MATERIAL PROVIDED:
^^^^^^^^^^^^^^^^

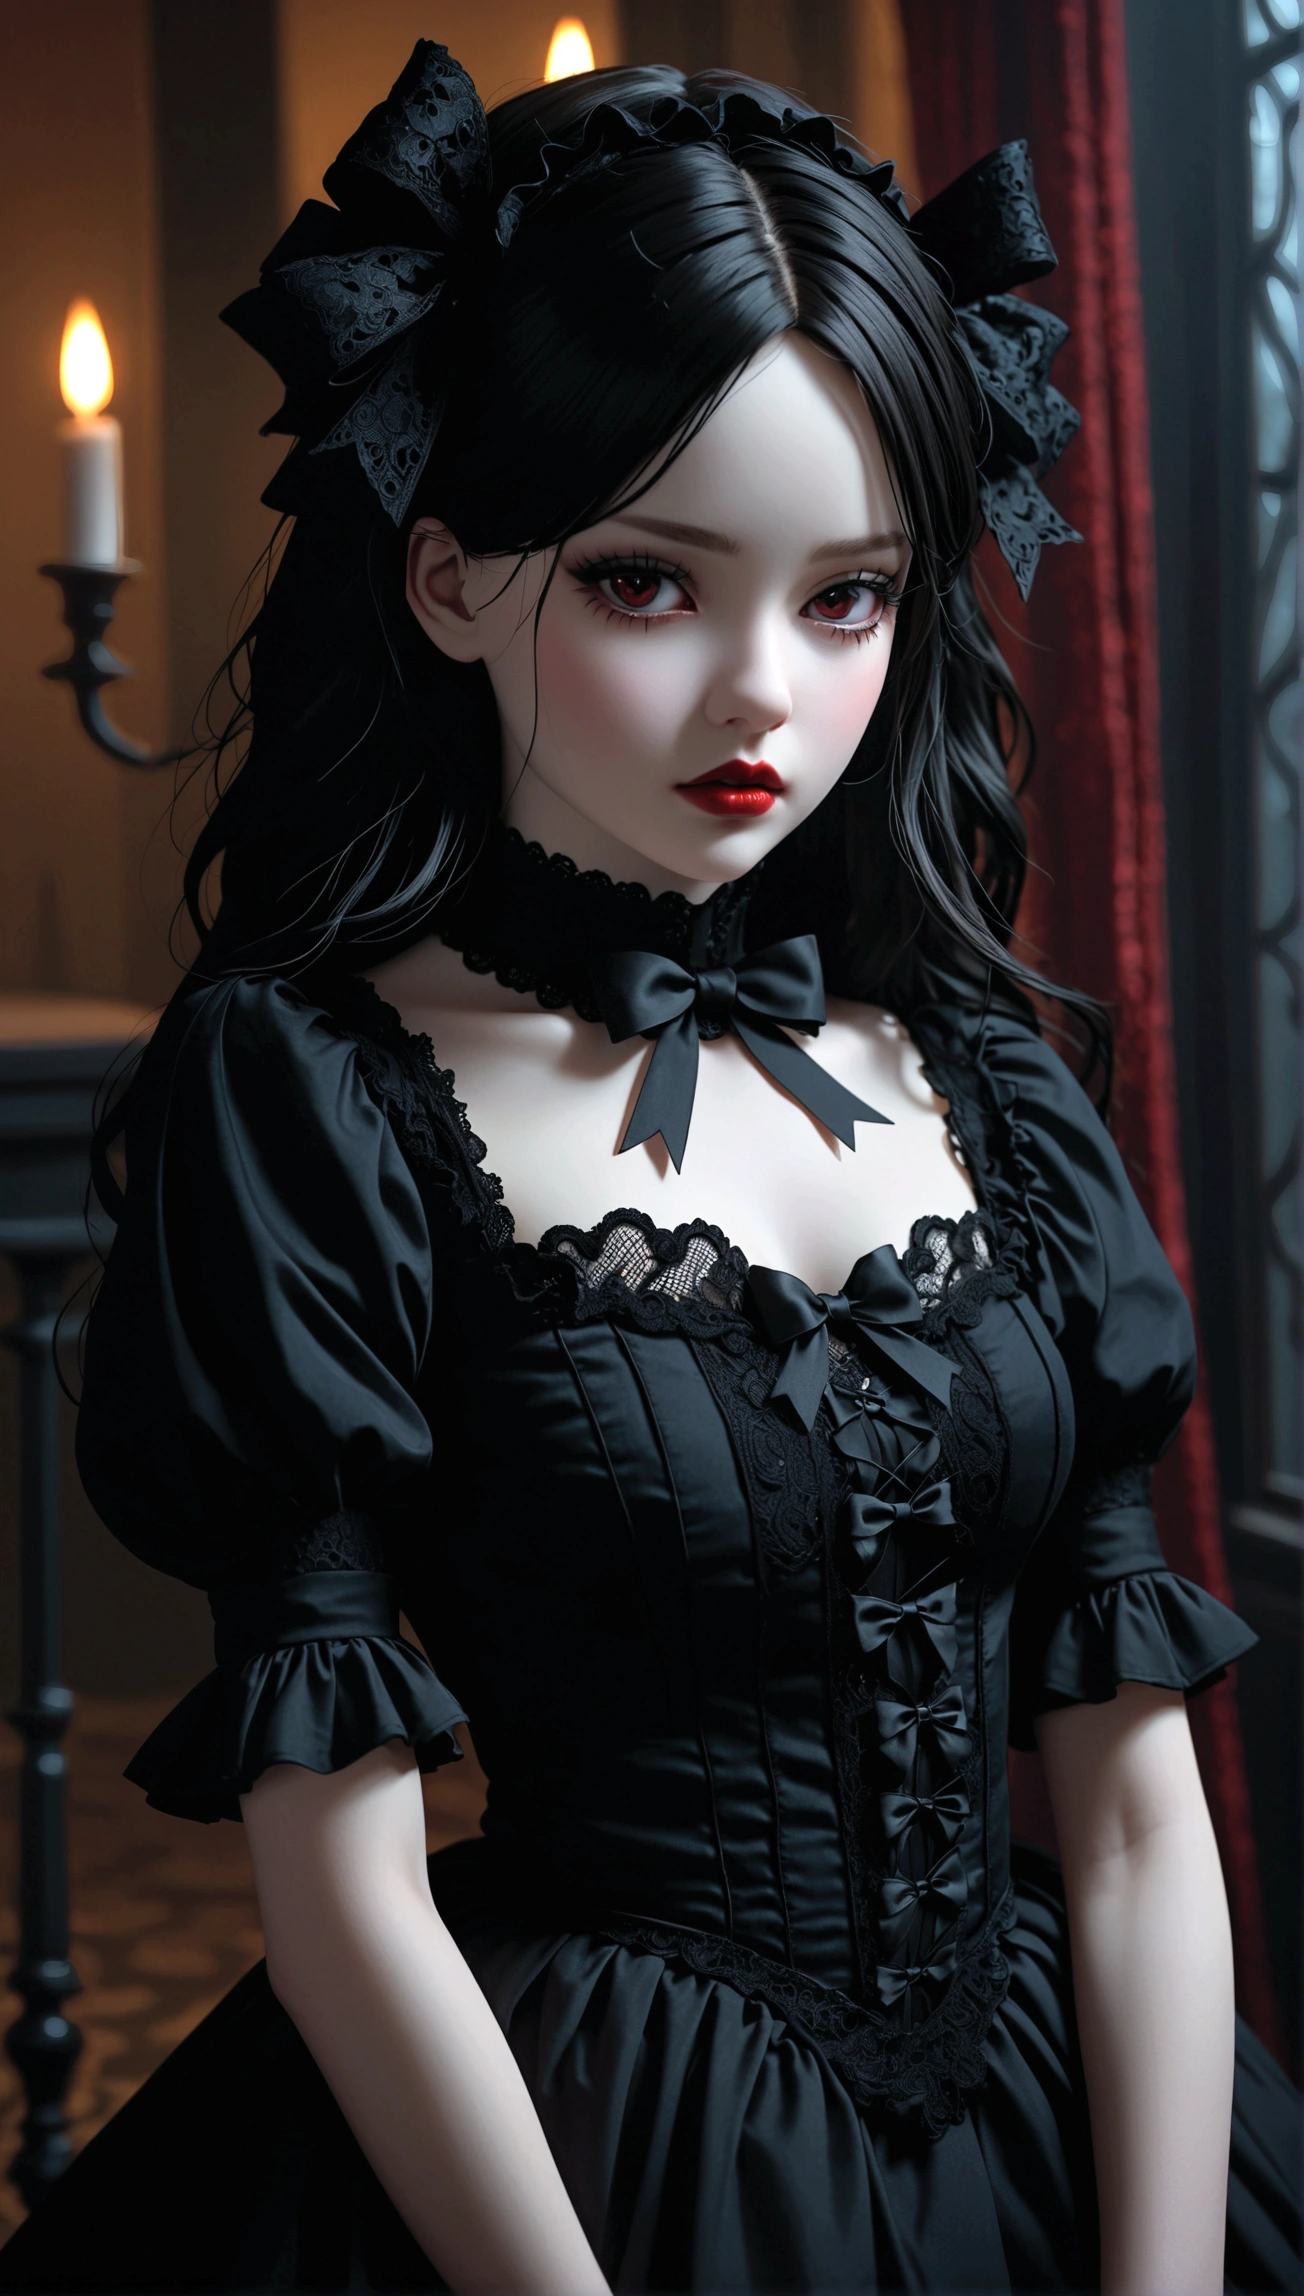 a gothic lolita girl,pale skin,red lips,porcelain doll-like face,intricate black lace Evening Dress,(whole body),Exquisite shoes,Thick stockings,ruffles,bows,high collar,long black hair,haunting gaze,dark fairy tale,dramatic lighting,moody atmosphere,cinematic,highly detailed,masterpiece,photorealistic
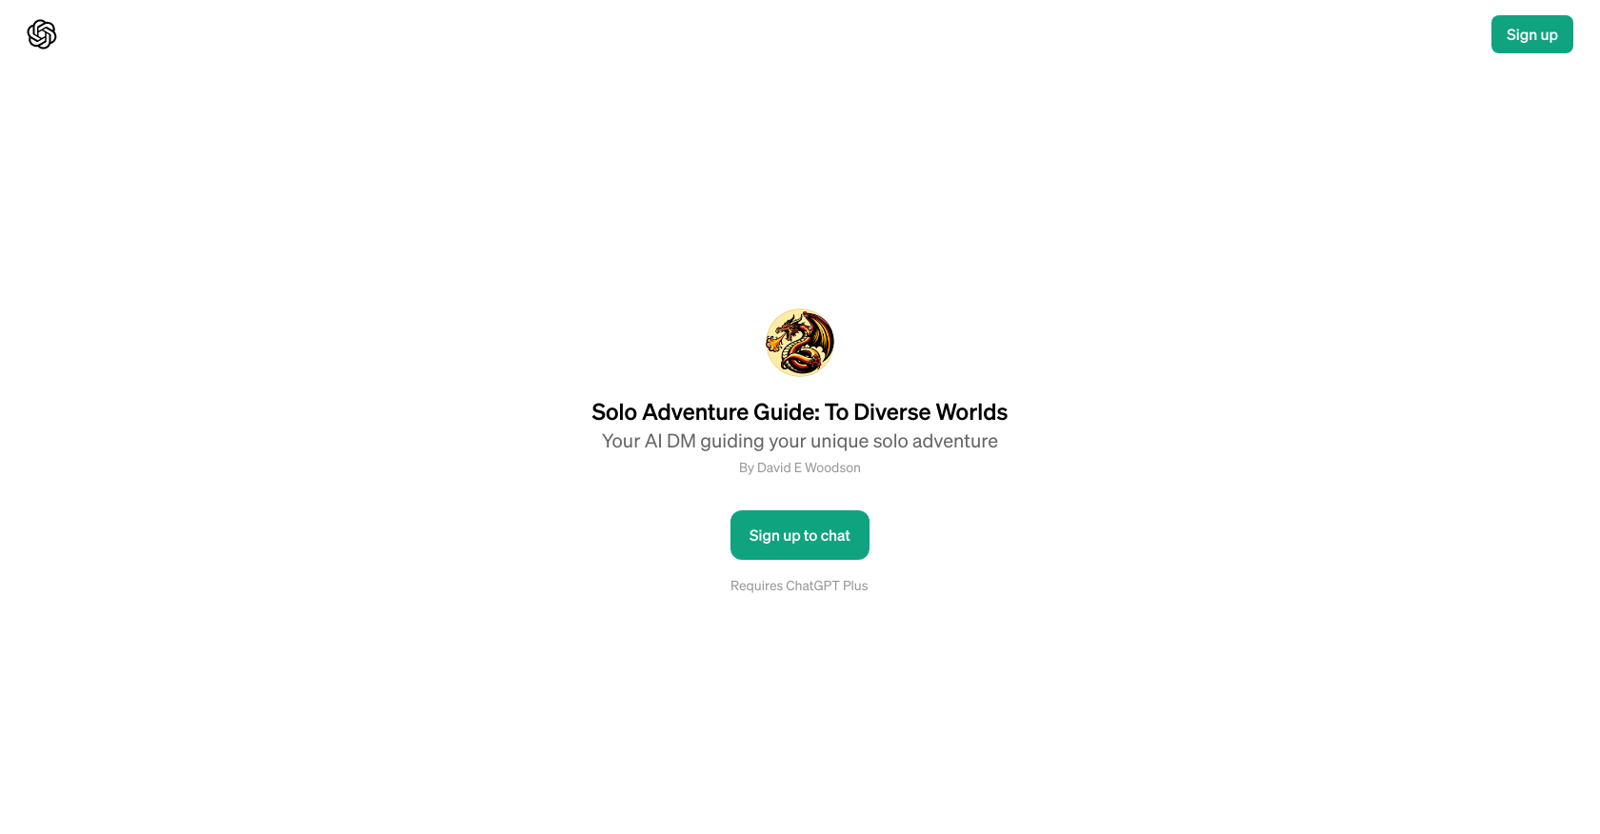 Solo Adventure Guide: To Diverse Worlds website
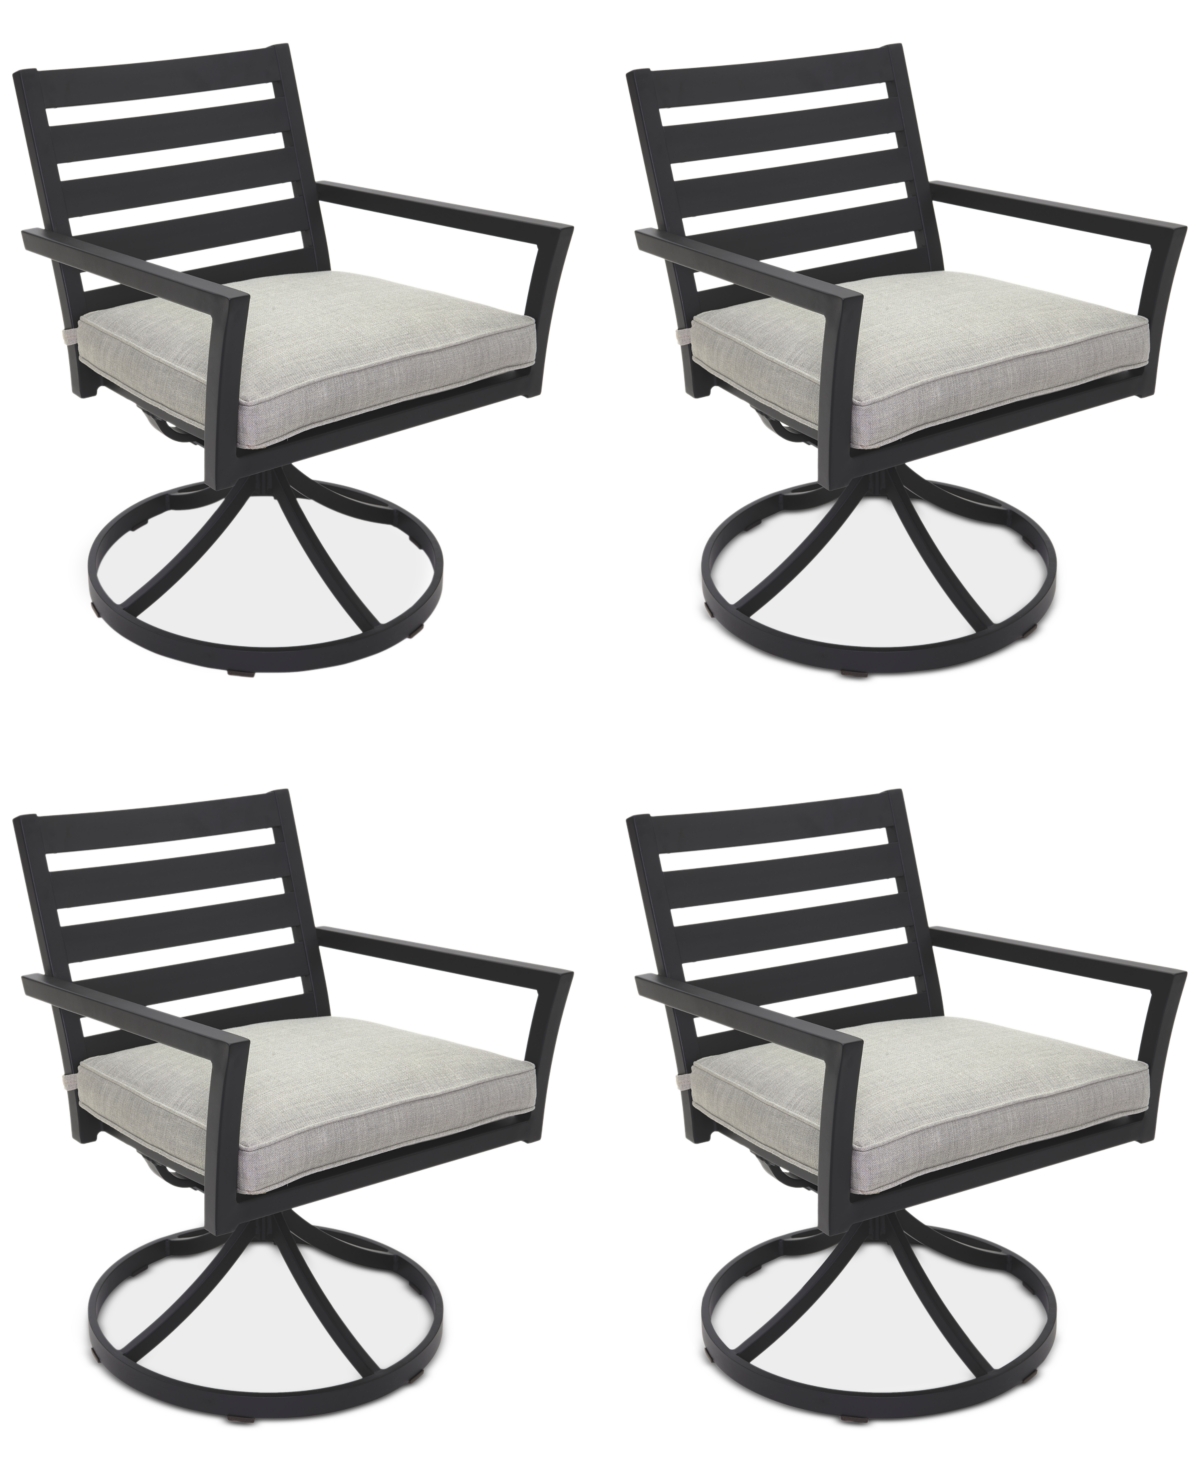 Agio Astaire Outdoor 4-pc Swivel Chair Bundle Set In Oyster Light Grey

^^^^^^^^^^^^^^^^

ASSIGNMENT: Pictures aside, return all of the material exactly as written.

OUTPUT FOR THIS EXERCISE:
 a gothic lolita girl,pale skin,red lips,porcelain doll-like face,intricate black lace Evening Dress,(whole body),Exquisite shoes,Thick stockings,ruffles,bows,high collar,long black hair,haunting gaze,dark fairy tale,dramatic lighting,moody atmosphere,cinematic,highly detailed,masterpiece,photorealistic
 Solo Adventure Guide: To Diverse Worlds website
 Agio Astaire Outdoor 4-pc Swivel Chair Bundle Set In Oyster Light Grey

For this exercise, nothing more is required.